When the gamut of source color space exceeds that of the destination, saturated colors are liable to become clipped (inaccurately represented). The color management module can deal with this problem in several ways. The ICC specification includes four different rendering intents: absolute colorimetric, relative colorimetric, perceptual, and saturation. Absolute colorimetric : Absolute colorimetry and relative colorimetry actually use the same table but differ in the adjustment for the white point media. If my output device had a much larger gamut than the source data that (i.e. all the colors in the can be represented data), using the absolute colorimetry rendering intent would "ideally" (ignoring noise, precision etc) give an exact output of the specified CIELAB values. It might not look right, but an instrument making measurements on the print would indicate that it was correct. Absolute colorimetry is useful to get an exact specified color (e.g. IBM blue). It could also be to quantify the accuracy of mapping methods. The colors outside of the proof print system's possible color are mapped to the boundary of the color gamut. Relative colorimetric : The goal in relative colorimetry is to be truthful to the specified color, with only a correction for the media. Relative colorimetry is useful in proofing applications, since you are using it to get an idea of how a print on one device will appear on a different device. Media differences are the only thing you really would like to adjust for. Obviously there has to be some gamut mapping going on also. Usually this is done in a way where hue and lightness are maintained at the cost of reduced saturation. Relative colorimetric is the default rendering intent on most systems. Perceptual and Saturation : The perceptual and saturation intents are where the results really depend upon the profile maker. This is even how some of the competitors in this market differentiate themselves. These intents should be created by the profile maker so that pleasing images occur with the perceptual intent while eye-catching business graphics occur with the saturation intent. This is achieved through the use of different perceptual remaps of the data as well as different gamut mapping methods.

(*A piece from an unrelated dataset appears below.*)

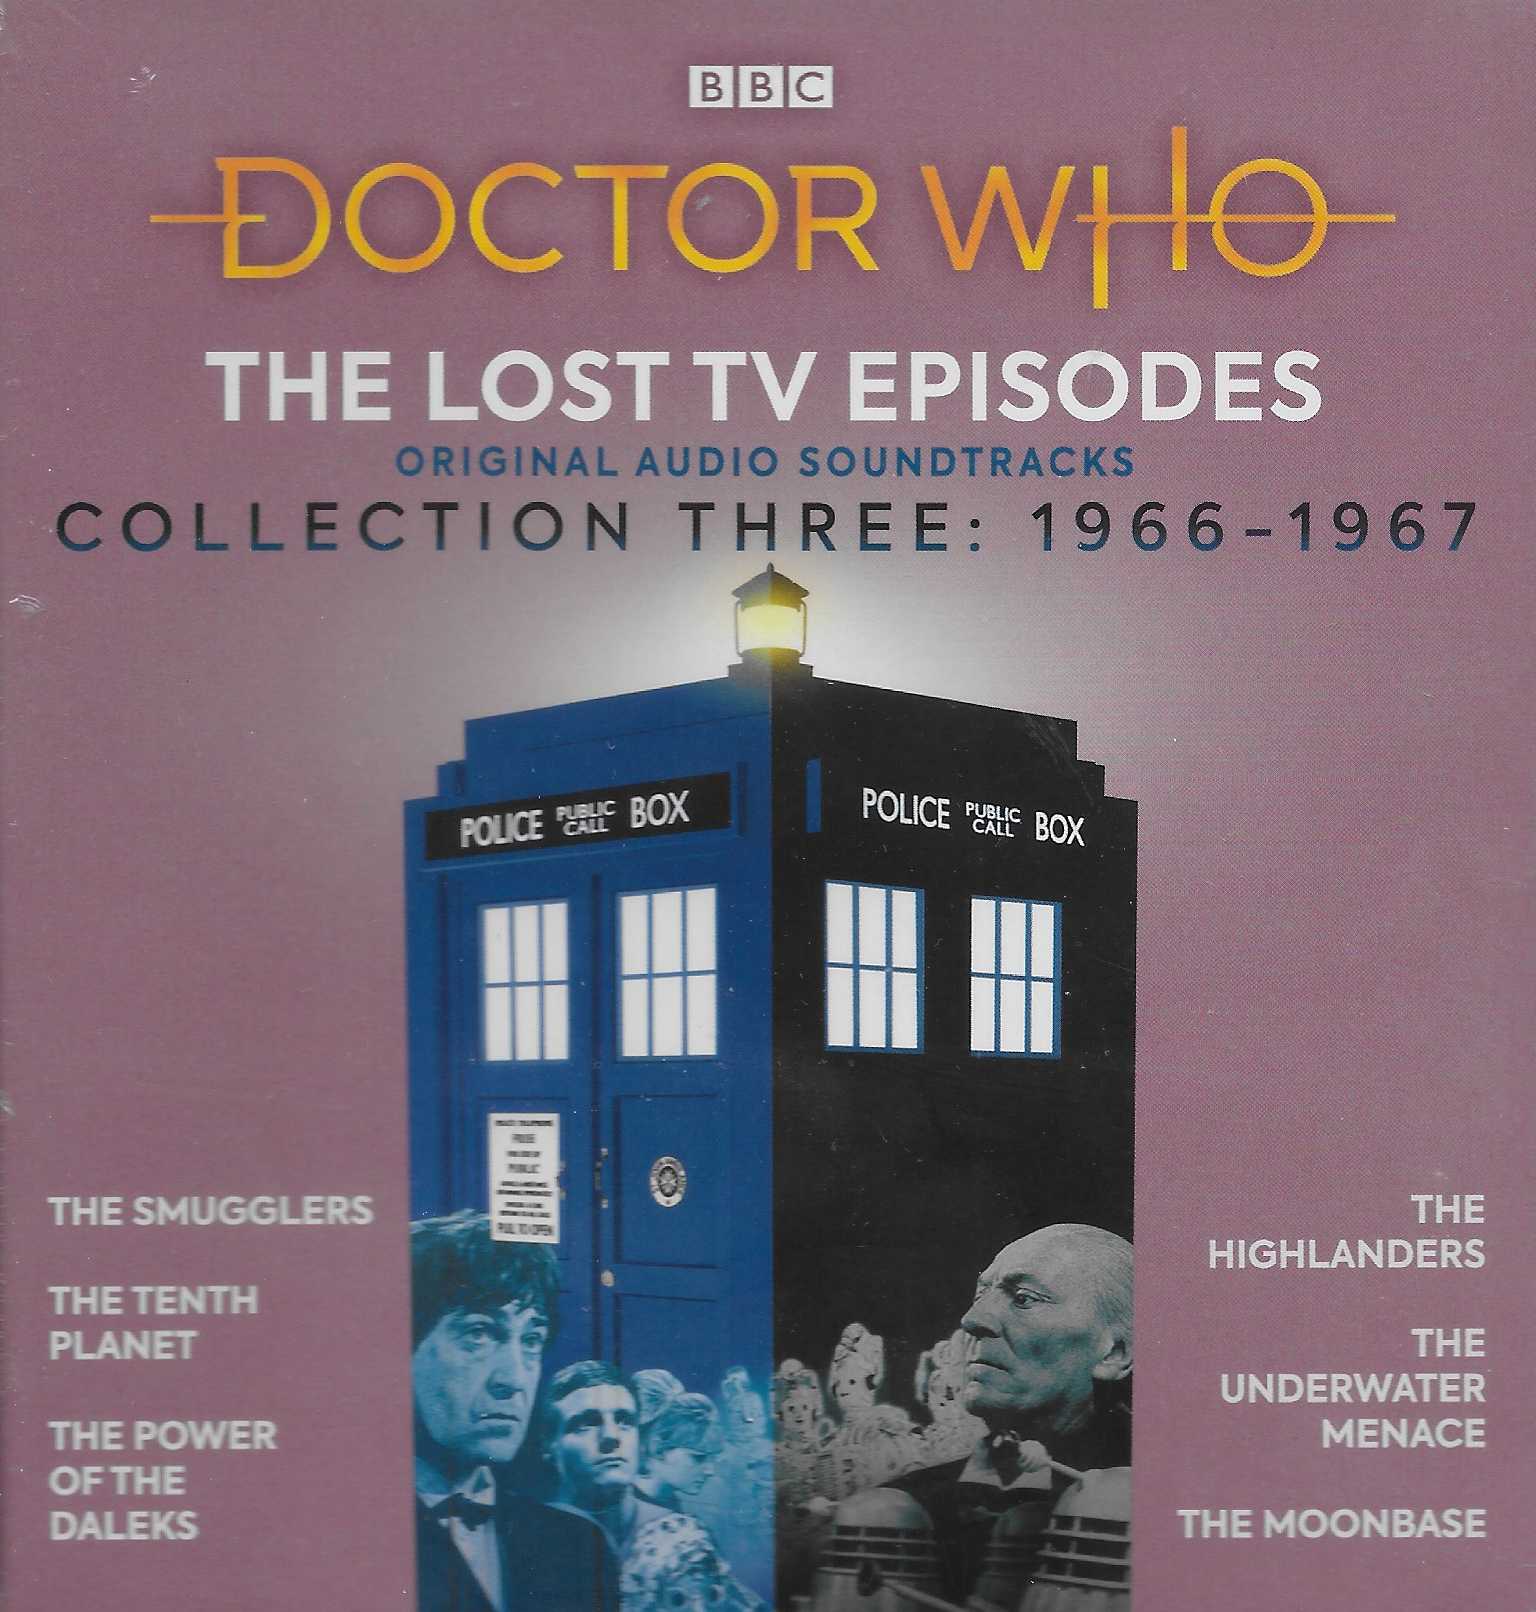 Picture of ISBN 978-1-78753-986-0 Doctor Who - The lost TV episodes - Collection three: 1966-1967 by artist Various from the BBC records and Tapes library

Color matching module (also -method or -system) is a software algorithm that adjusts the numerical values that get sent to or received from different devices so that the perceived color they produce remains consistent. The key issue here is how to deal with a color that cannot be reproduced on a certain device in order to show it through a different device as if it were visually the same color, just as when the reproducible color range between color transparencies and printed matters are different. There is no common method for this process, and the performance depends on the capability of each color matching method.
Some well known CMMs are ColorSync, Adobe CMM, LittleCMS, and ArgyllCMS
Beginning with Windows Vista, color management in Windows is handled at the OS level through an ICC V4-compatible color management standard and API known as Windows Color System. WCS supplements the Image Color Management (ICM) system in Windows 2000 and Windows XP, originally written by Heidelberg.
Apple's Mac OS X and the classic Mac OS have long had a color management module, ColorSync.
The Linux operating system uses ICC profiles, but support for color management on this platform is still quite nascent, with only a handful of applications supporting, some through LittleCMS.